But sometimes real-life throws up situations that in some ways replicate controlled experiments. The "natural experiments" as they are often dubbed can offer remarkable insight and in 1992, a landmark study based on such an experiment changed the face of economics forever. So here’s what happened.

In the US, the state of New Jersey set a new minimum wage that year. The neighbouring state of Pennsylvania however didn’t follow suit. So we have a state that imposed a higher wage in 1992 and a control group in Pennsylvania that did no such thing. And the two economists began comparing employment rates in both cities before and after the wage hike. They picked 400 fast-food restaurants — the likes of McDonald’s — since these establishments typically employ a significant part of their workforce on wages equal to or close to the legal minimum wage. And they measured outcomes.

Guess what they found at the end of the study?

Their data showed that employment in New Jersey actually expanded with the increase in the minimum wage. Pennsylvania meanwhile saw no such growth. Subsequent research also pointed to the same anomaly. There was either a small positive effect or no effect on employment when minimum wages rose.

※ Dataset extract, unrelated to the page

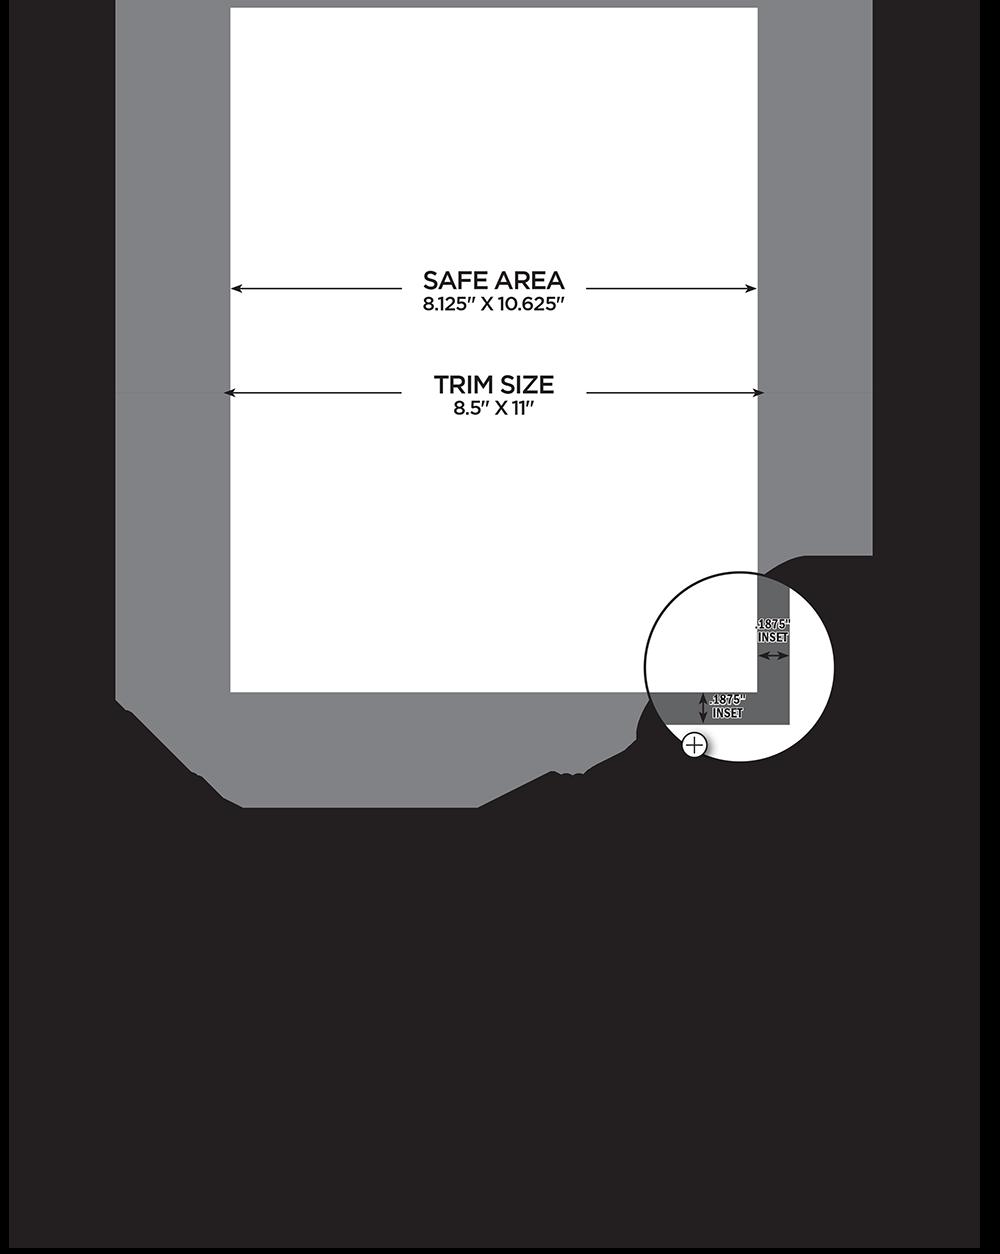 8 5 x 11 brochure template - s flyer ross4marketing a print eddm signage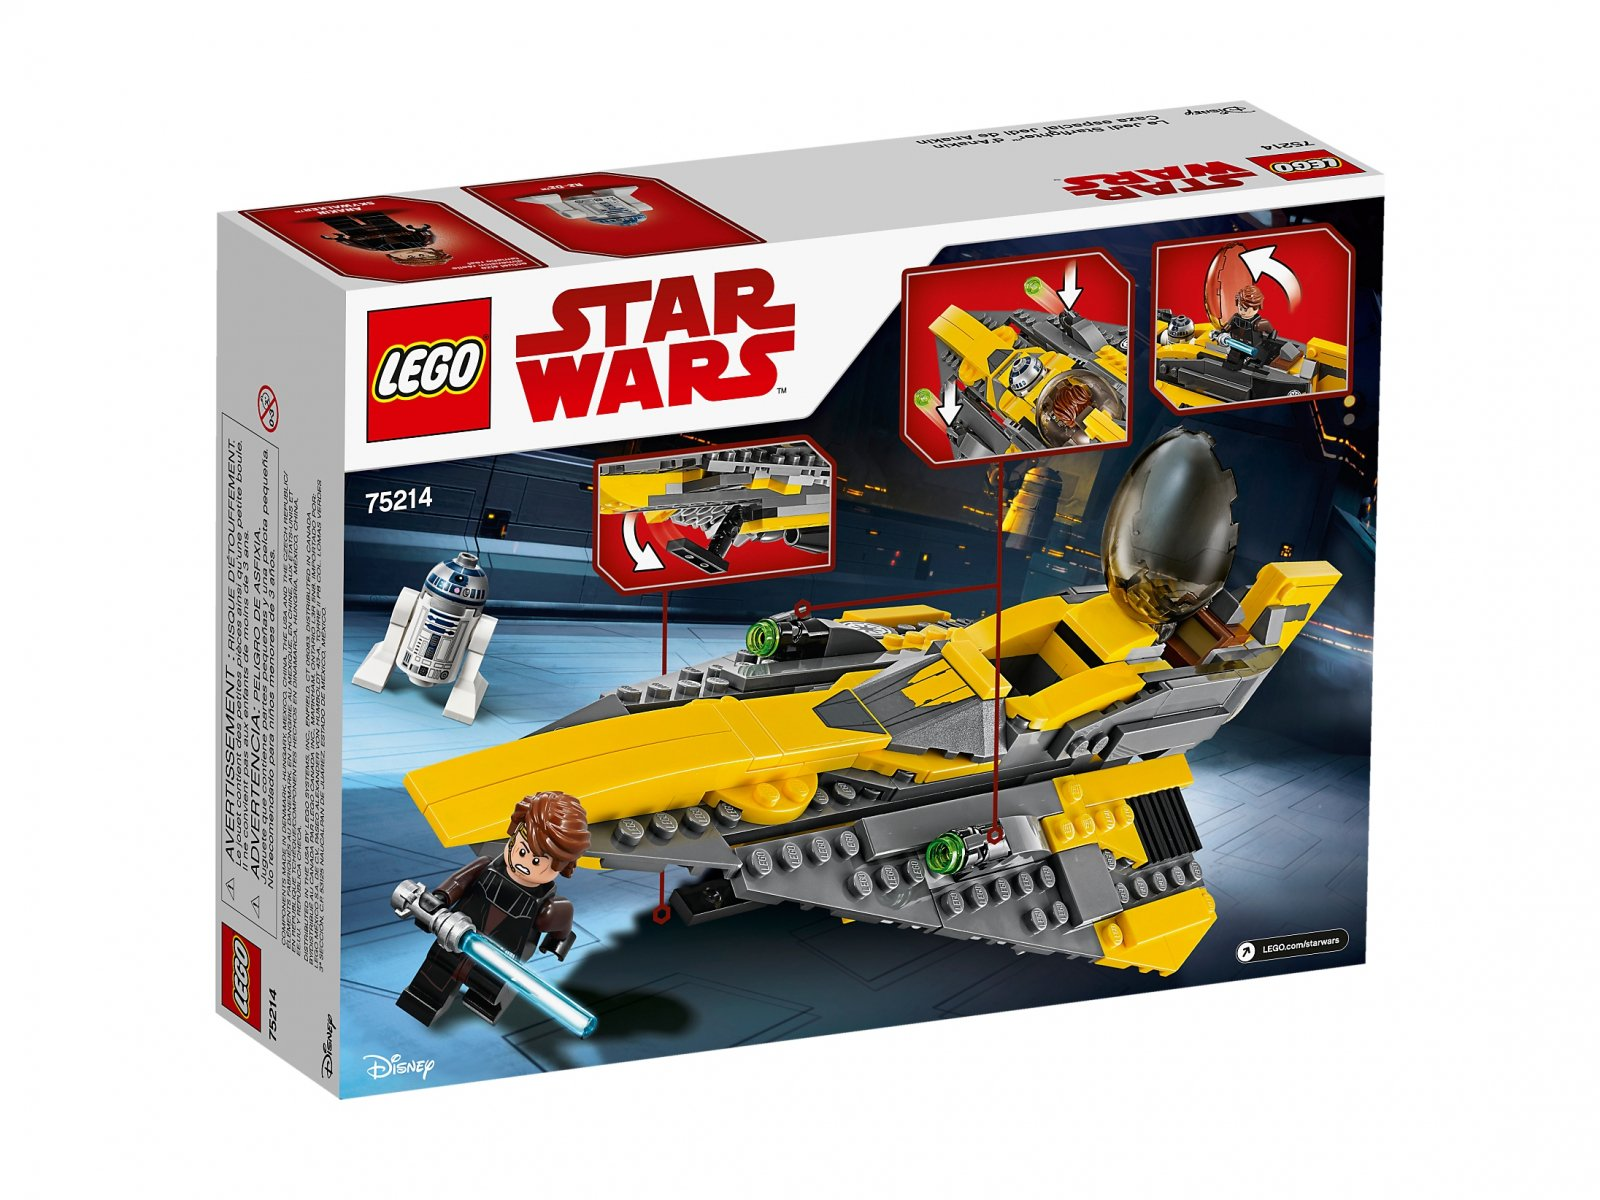 LEGO Star Wars™ 75214 Jedi Starfighter Anakina™

This was shocking at the time since it went against every established principle within the discipline. In fact, many economists picked holes in the study soon after. Some criticized the methodology and the questionnaires the researchers prepared. Even others dismissed the central findings altogether. However, a whole body of work has since emerged validating the findings of Card and Krueger. And while there is still some debate on the actual effects of minimum wage, the seminal contributions of the two researchers to the fields of labour and immigration fundamentally changed the entire discourse surrounding these topics.

The only unfortunate bit perhaps is that Alan Krueger killed himself in 2019. And since the Nobel Prize isn't awarded posthumously, there's only a passing mention of Krueger in most articles. This author however doesn't want to brush his contribution aside. And if you take a close look at the cover image, there's a chap with a halo over his head.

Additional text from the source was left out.